PP38 - PDIA1 overexpression activates acutely Nox1 NADPH oxidase in VSMC

Abstract

Mechanisms regulating NADPH oxidase remain open and include the redox chaperone protein disulfide isomerase (PDI). We described previously that PDI transient overexpression in VSMC enhances basal Nox1 mRNA expression and activity, without any further response for AngII stimulus in ROS production. Here we investigated whether Nox1 activation mediated by PDI overexpression may involve AngII receptor (AT1R).We developed rabbit aortic VSMC with doxicycline inducible system for rat PDI (VSMC-PDI), which showed 3,5 fold increased total PDI expression after 48h of doxicycline addition. VSMC-PDI showed increased superoxide production by NADPH-triggered enriched membrane fraction (1 vs. 2,5 ± 0,03 RLU/mg protein, lucigenin reduction), which was totally inhibited by Nox1/4 inhibitor (GKT136901, 100uM). VSMC-PDI showed higher migration trajectories vs. VSMC with no stimulus (1 vs. 1,75 ± 0,04 pixels, end distance from origin by single cell migration assay for 16h). Although inhibitors of AT1R (losartan and candesartan, 10-100nM for 16h) decreased intracellular superoxide (2-hydroxyethidium quantification by HPLC) or extracellular H2O2 (AmplexRed assay) productions mediated by PDI transient overexpression, there is no direct PDI interaction with AT1R, based on several confocal microscopy analyzes in both VSMC and HEK293 cells transfected with AT1R-GFP. Since AT1R activates β-arrestin1/2 signaling, we silenced β-arrestin1/2 with further PDI induction in VSMC-PDI. Preliminary results suggest no changes in Nox1 NADPH activity.
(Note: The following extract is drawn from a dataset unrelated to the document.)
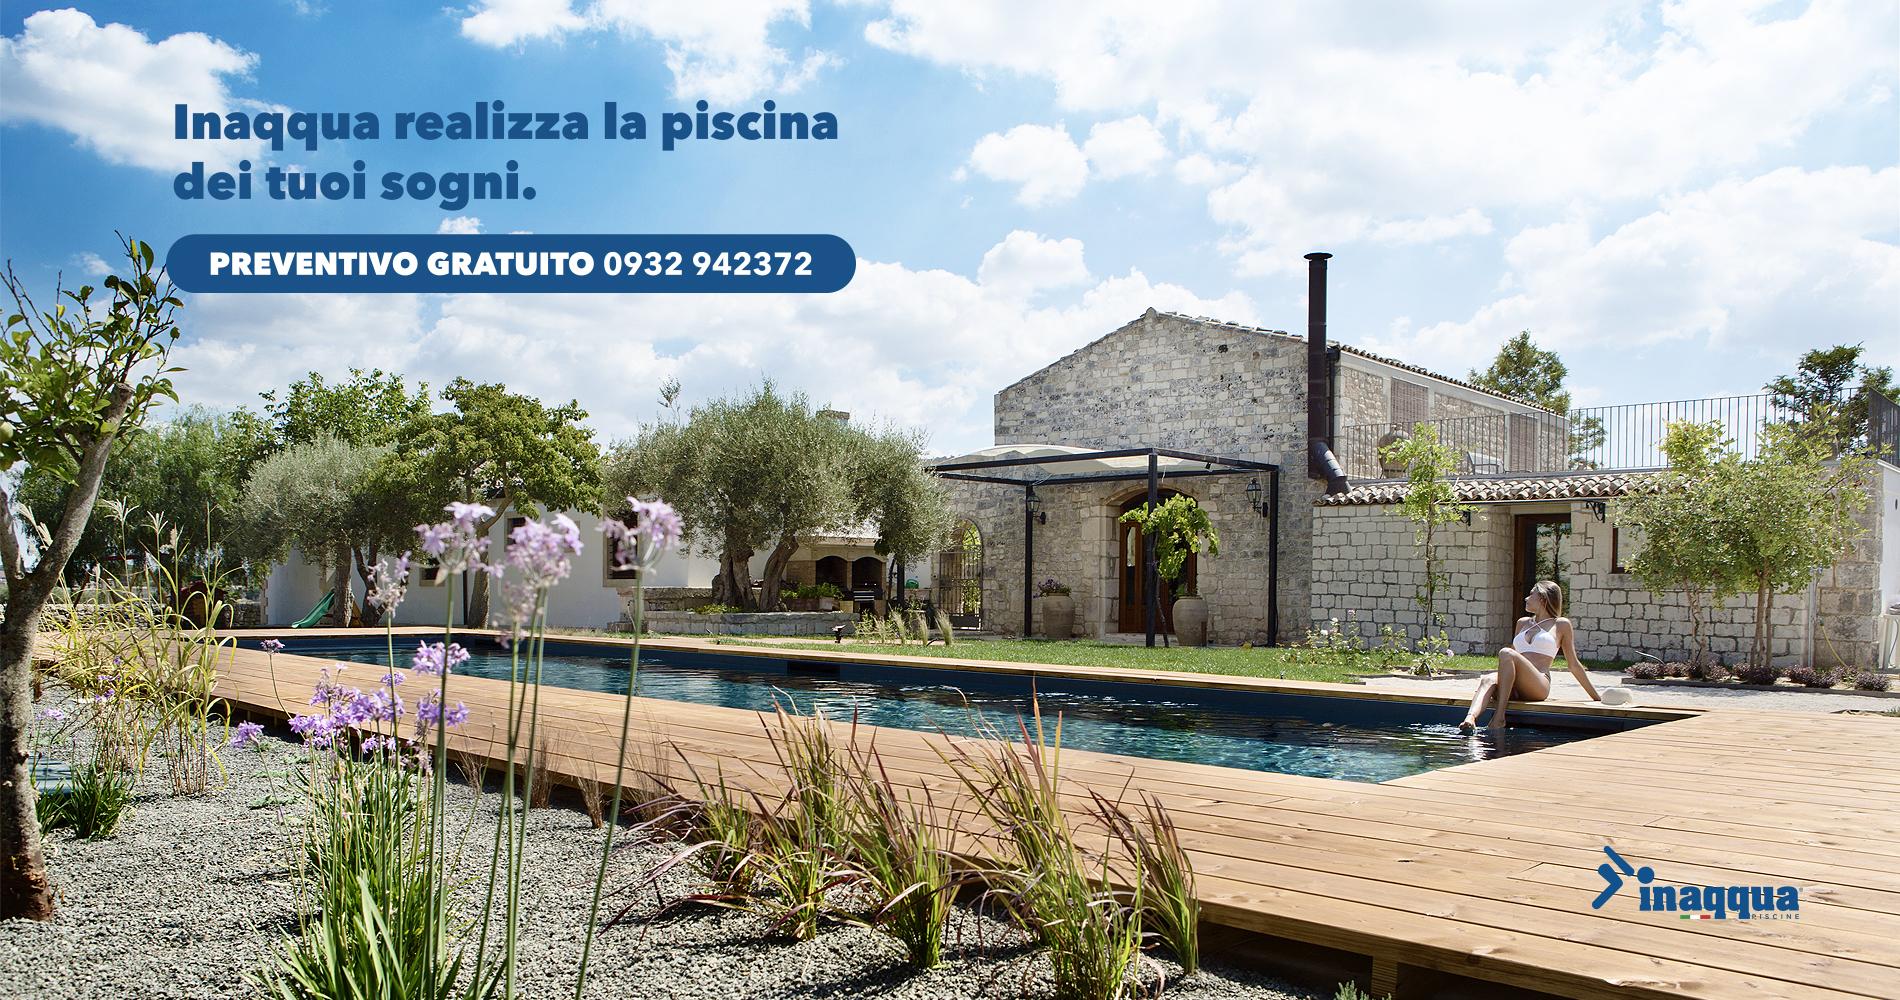 Chiusura invernale piscina modica inaqqua - Chiusura invernale piscina ...

Finally, chronic VSMC-PDI (obtained after antibiotic selection of VSMC transiently transfected, 4 fold increased PDI expression) showed no more increased intracellular superoxide or Nox1 NADPH oxidase activation compared to basal VSMC. The mechanisms underlying Nox1 acute activation by PDI overexpression in VSMC does not involve direct interaction with AT1R, and might not involve β-arrestin1/2. Chronic PDI overexpression may induce VSMC redox adaptations, since Nox1 NADPH oxidase activity is decayed to basal levels.